Records from a data source
------

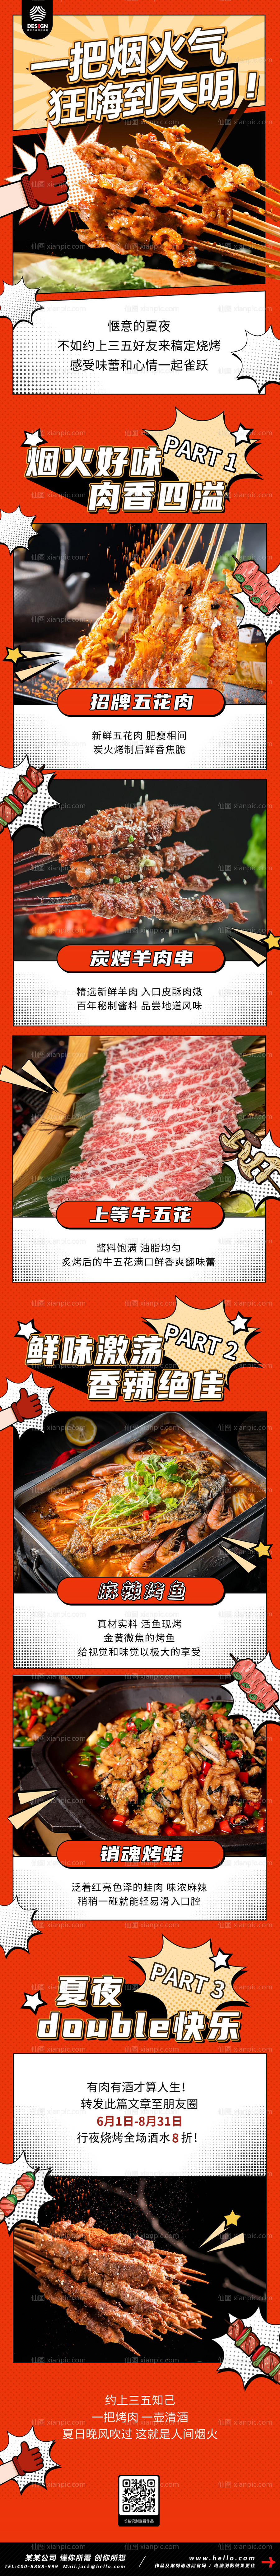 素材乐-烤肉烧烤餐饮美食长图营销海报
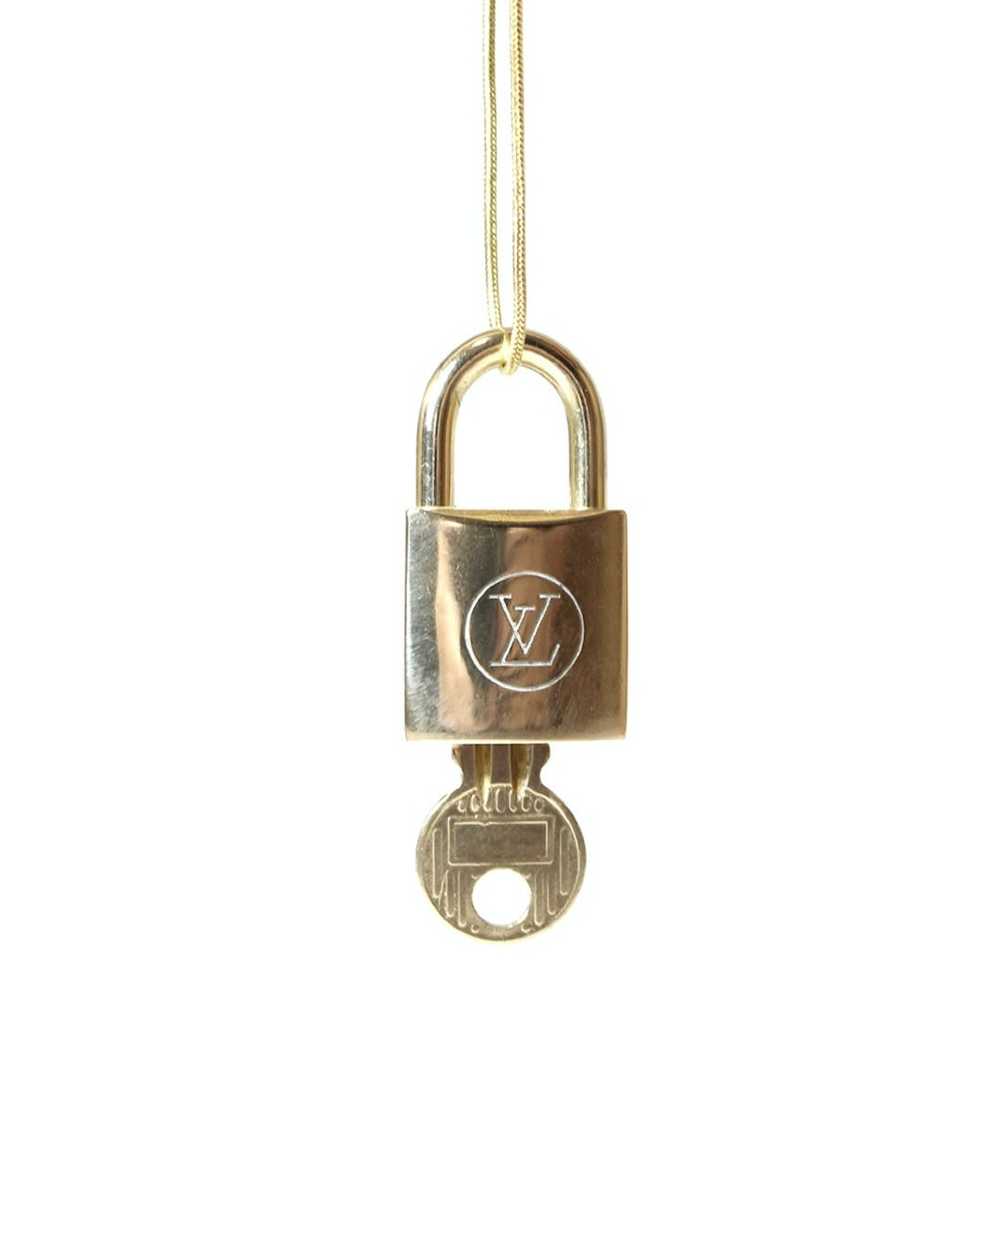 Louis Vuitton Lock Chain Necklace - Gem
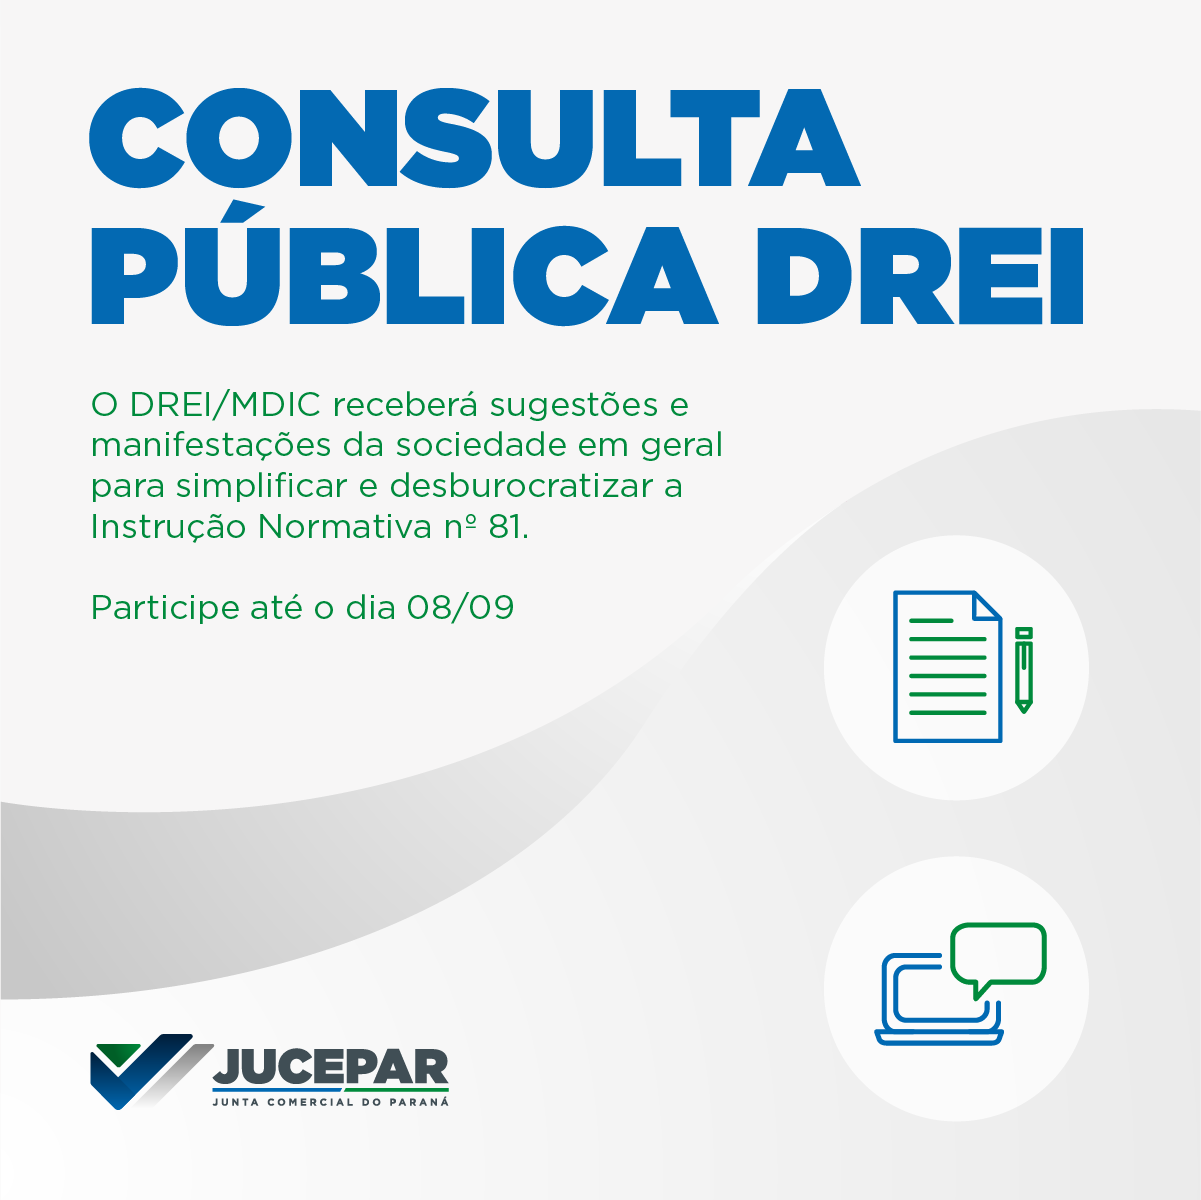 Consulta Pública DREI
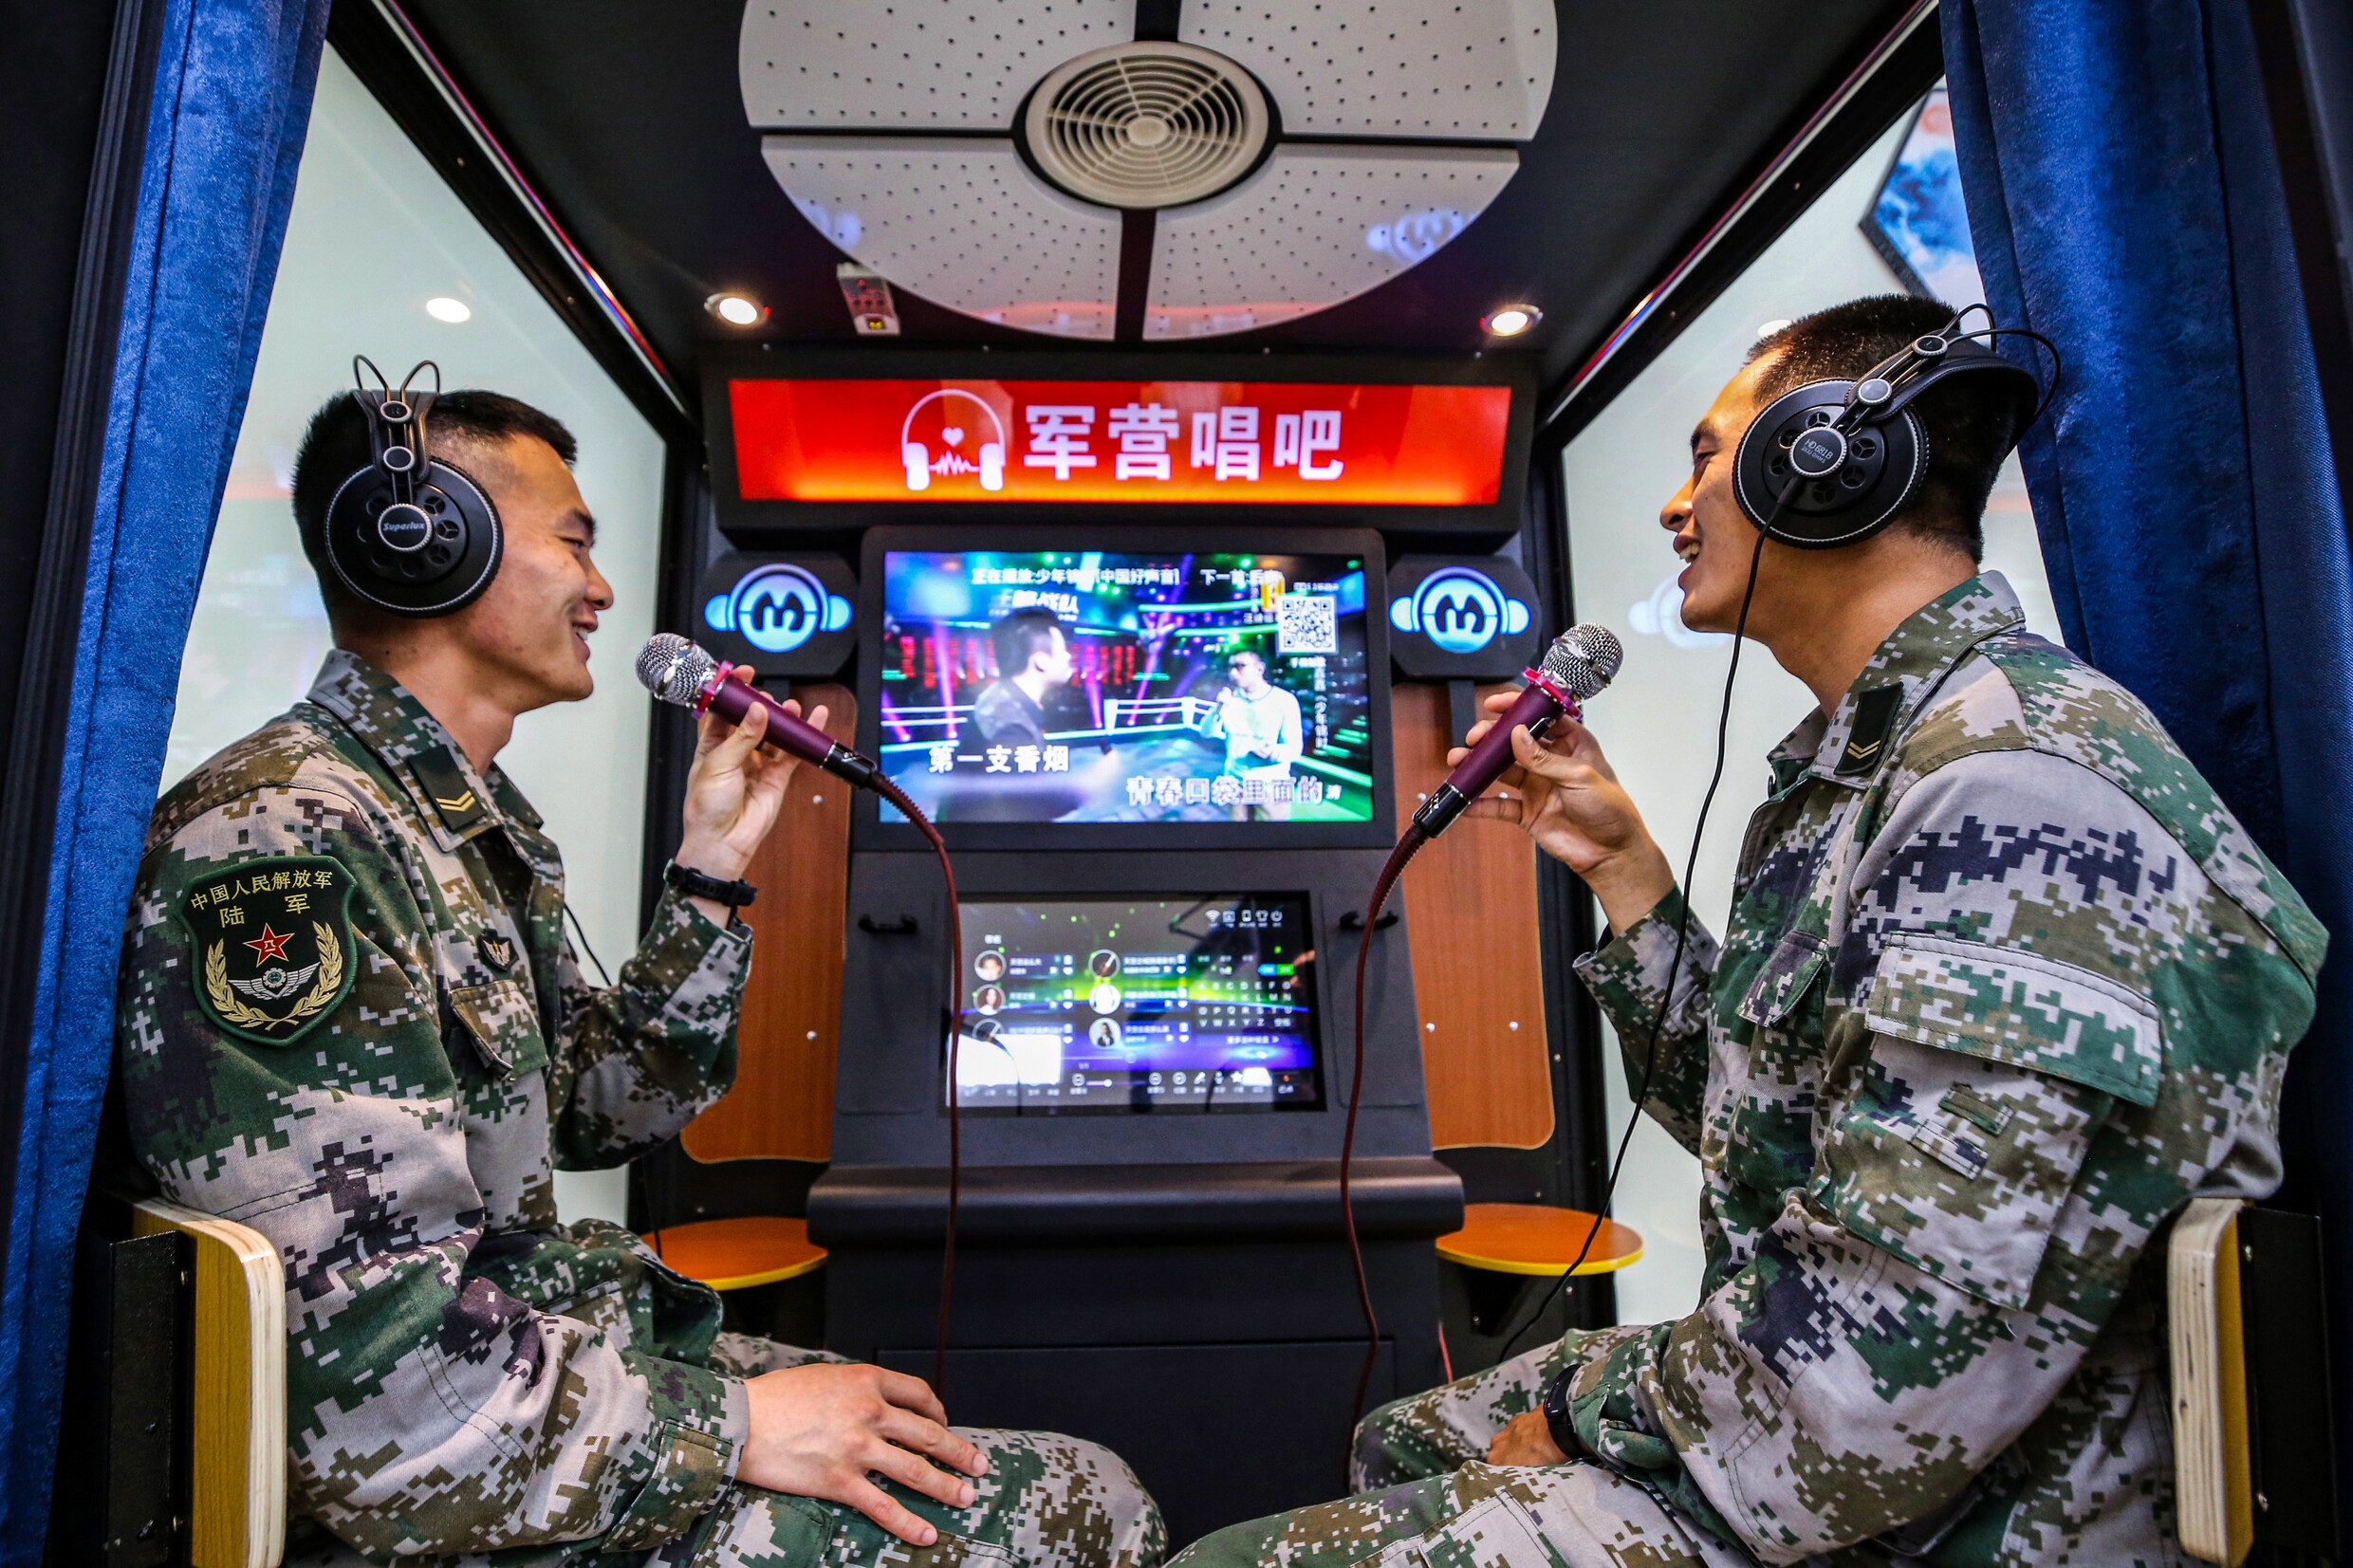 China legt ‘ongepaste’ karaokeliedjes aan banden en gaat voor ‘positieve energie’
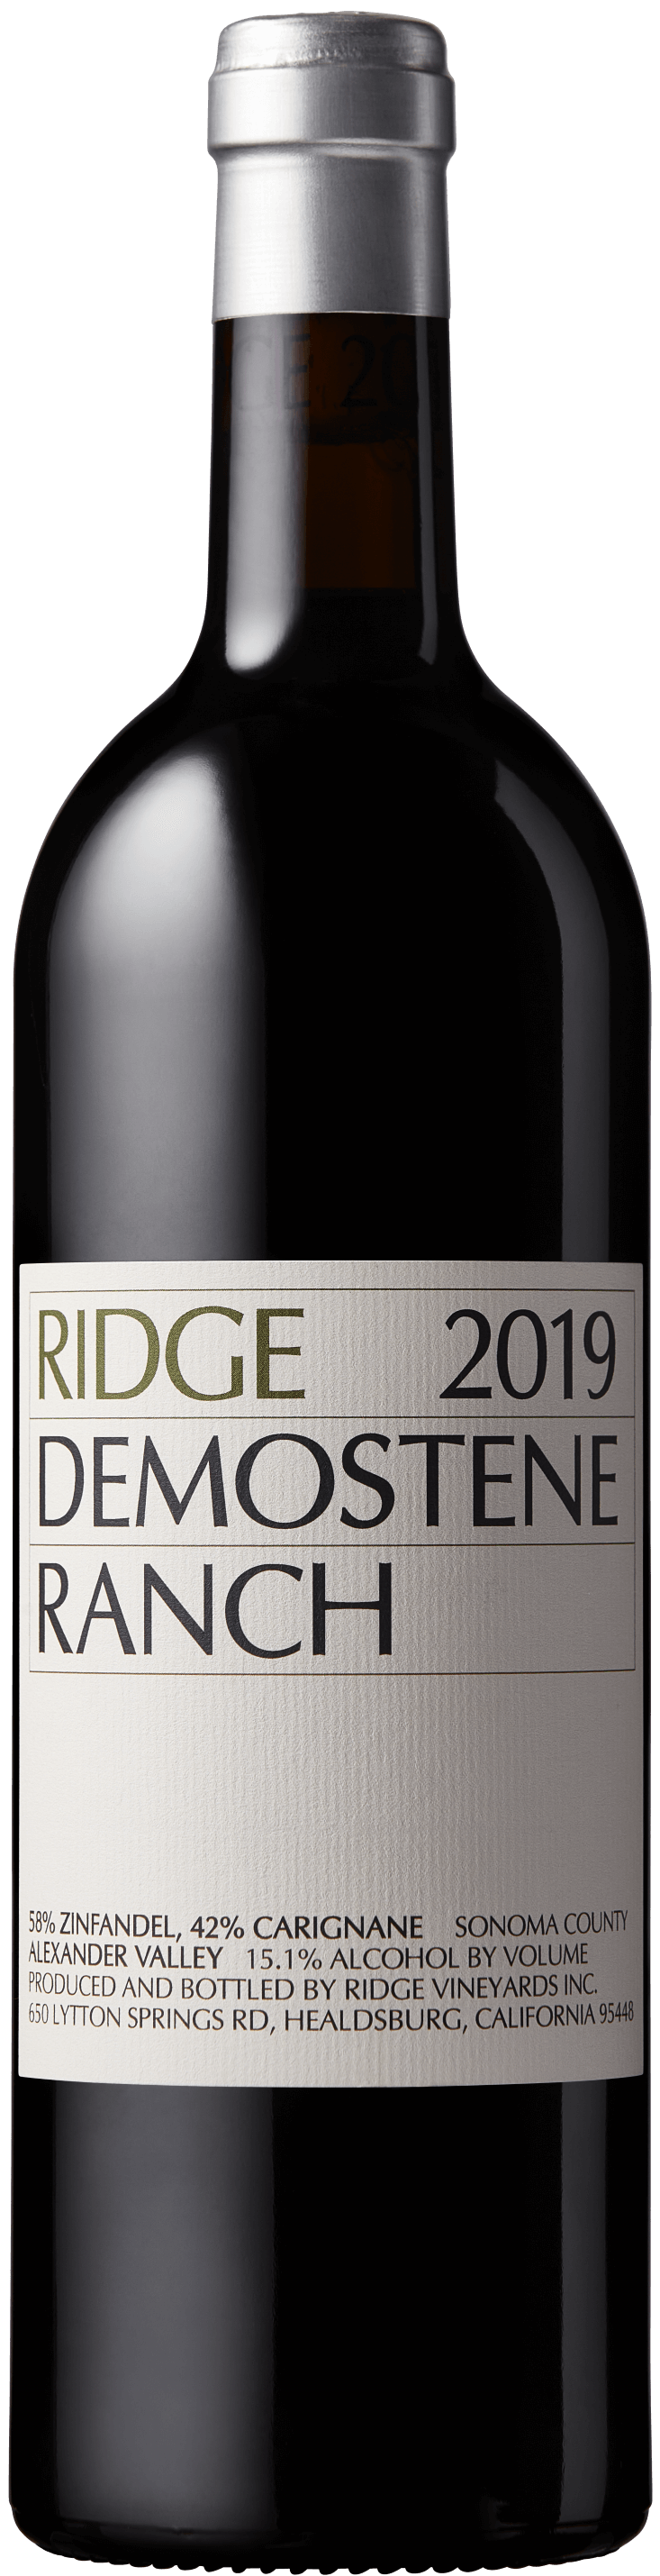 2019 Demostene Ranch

------

# Instructions to follow
Find the line containing "China legt ‘ongepaste’" in the records above and restate it, and each line after it through the end, word for word, dropping the pictures.

# Exercise result
 China legt ‘ongepaste’ karaokeliedjes aan banden en gaat voor ‘positieve energie’
 2019 Demostene Ranch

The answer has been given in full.